1. A medicinal plant transcription regulation map prediction method based on a graph convolution network is characterized by comprising the following steps:
s1, acquiring gene expression data and pre-constructing a transcription regulation relation:
downloading a transcriptome sequencing sample, a genome file and a gene structure annotation file of the medicinal plant to be predicted, and preprocessing data and comparing a reference genome to obtain gene expression data of the medicinal plant to be predicted; downloading the genome of the medicinal plant near-source species to be predicted, respectively carrying out sequence comparison on the medicinal plant genome to be predicted and the genome of the medicinal plant near-source species to be predicted through BLAST, screening the results by utilizing evalue and bitscore comparison to respectively obtain gene sets matched with the transcription factors of the medicinal plants to be predicted and different medicinal plant near-source species to be predicted, and taking intersection from the gene sets matched with the transcription factors of the different medicinal plant near-source species to be predicted to obtain a transcription factor set of the medicinal plants to be predicted; downloading a regulation network relation of the closely-sourced species of the medicinal plants, transferring the mapping relation to the genome of the medicinal plants to be predicted, and combining the repeated relation and deleting the unimportant relation to obtain the transcription regulation relation among the isogenes of the transcription factors of the medicinal plants to be predicted; after checking and filtering, further obtaining the accurate transcription regulation relation of the transcription factor isogene of the medicinal plant to be predicted by utilizing a WGCNA algorithm;
s2, constructing a co-expression regulation and control network recognition algorithm based on a depth map convolution network model:
randomly masking 10% of genes except transcription factors of the medicinal plant gene expression data to be predicted, taking the remaining 90% of genes and the gene expression quantity of the transcription factors together with the transcription regulation and control relation obtained by S1 as the input of a model to carry out graph convolution operation training, and adding an attention mechanism in the graph convolution process to ensure reasonable distribution of weights; adopting a Mean Square Error (MSE) to calculate and predict the expression quantity of the remaining 10 percent of genes by a loss function, and updating through the whole propagation polymerization process to obtain a transcription factor isogenic regulation and control relation weight matrix; and then, aggregating the obtained weight matrix by adopting a Louvain algorithm to search a co-expression module, and revealing main components in the medicinal plant to be predicted and a biosynthesis pathway thereof by calculating different growth conditions or difference co-expression modules among tissues and organs and performing function annotation enrichment analysis on the difference co-expression modules.

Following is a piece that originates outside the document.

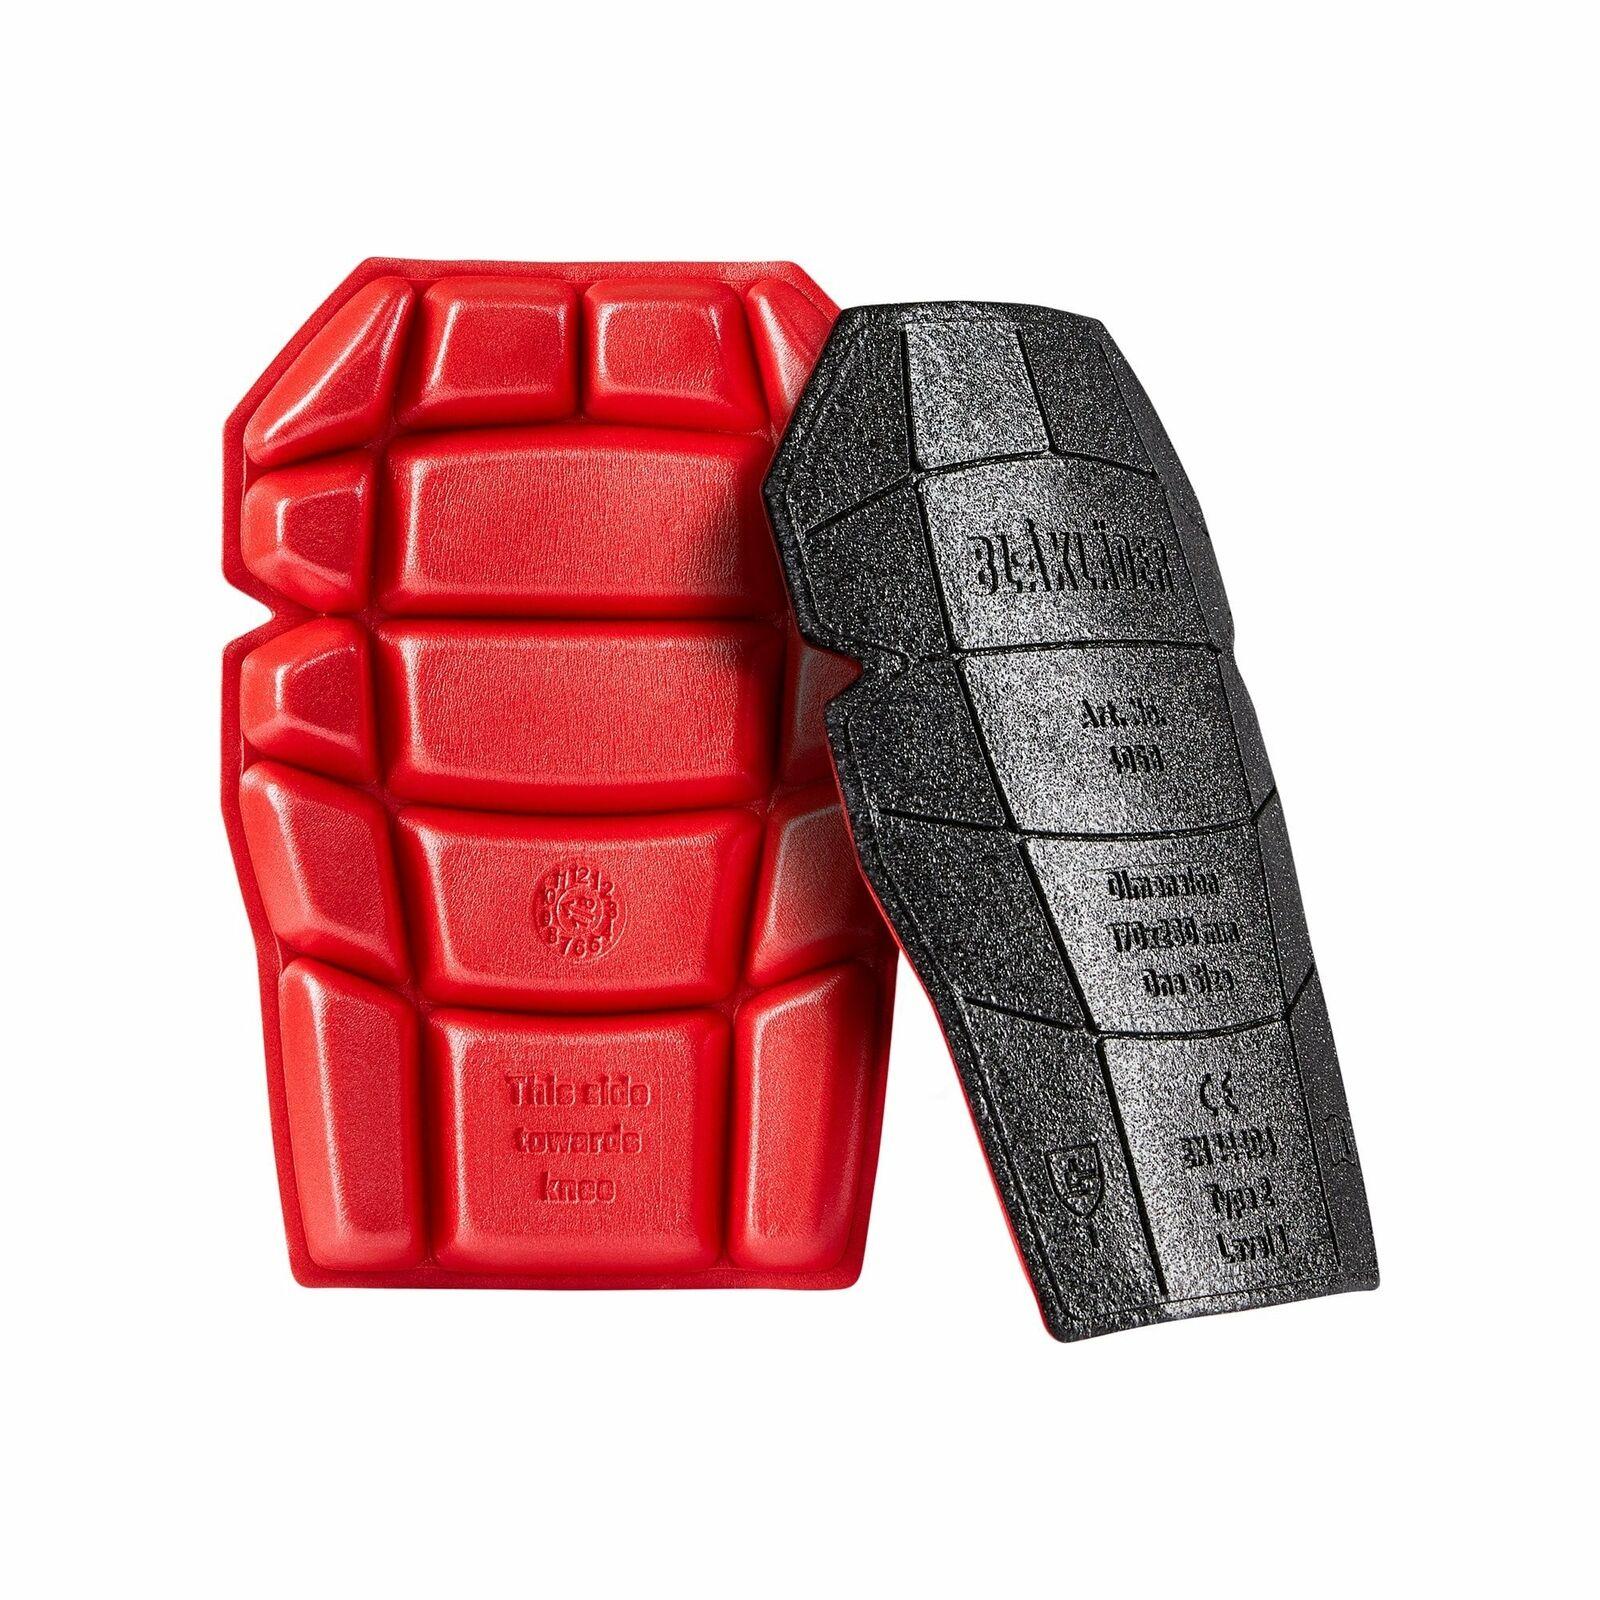 BLAKLADER Workwear | Knee Pads Heavy Duty | One Size

2. The method of predicting a transcription regulation profile of a medicinal plant according to claim 1, wherein the medicinal plant comprises Panax notoginseng, panax ginseng, polygonatum sibiricum, glycyrrhiza uralensis, rehmannia glutinosa, pinellia ternate, codonopsis pilosula, aloe vera, ginkgo biloba, and Taxus chinensis.
3. The medicinal plant transcriptional control map prediction method according to claim 1, wherein the data preprocessing of S1 is to download, split, control and filter the downloaded medicinal plant transcriptome sequencing sample to be predicted by using a sratools toolkit; reference genome preparation was performed using software gffread.

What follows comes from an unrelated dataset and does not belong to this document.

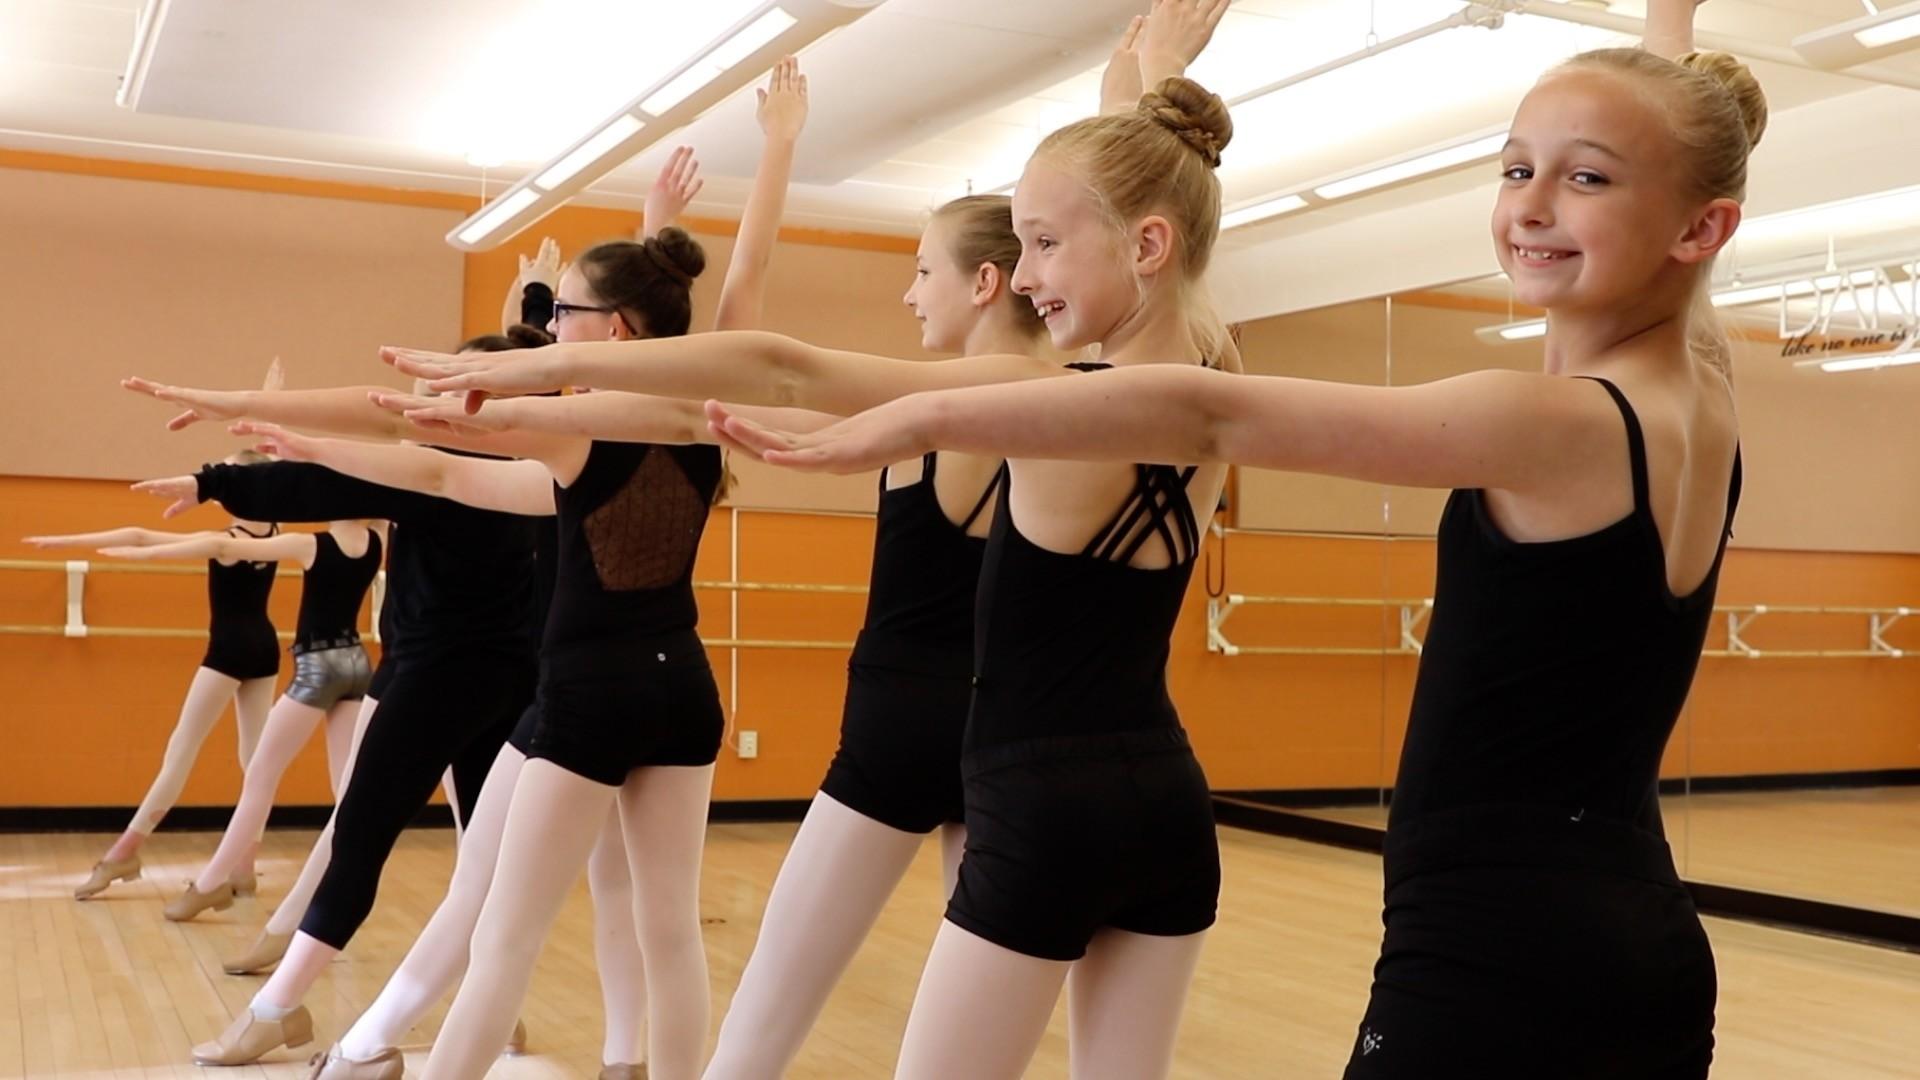 Dance class in studio

4. The method for predicting the transcription regulation map of the medicinal plant according to claim 1, wherein the comparison of the reference genome of S1 uses hisat2 software, and the method comprises the following three steps: the first step is that an index is constructed for a reference genome, and comparison is carried out, wherein the parameter is-dta; secondly, compressing and sequencing comparison results and constructing indexes; the third step calculates the FPKM or TPM expression matrix of the transcript using the transcript assembly software stringitie.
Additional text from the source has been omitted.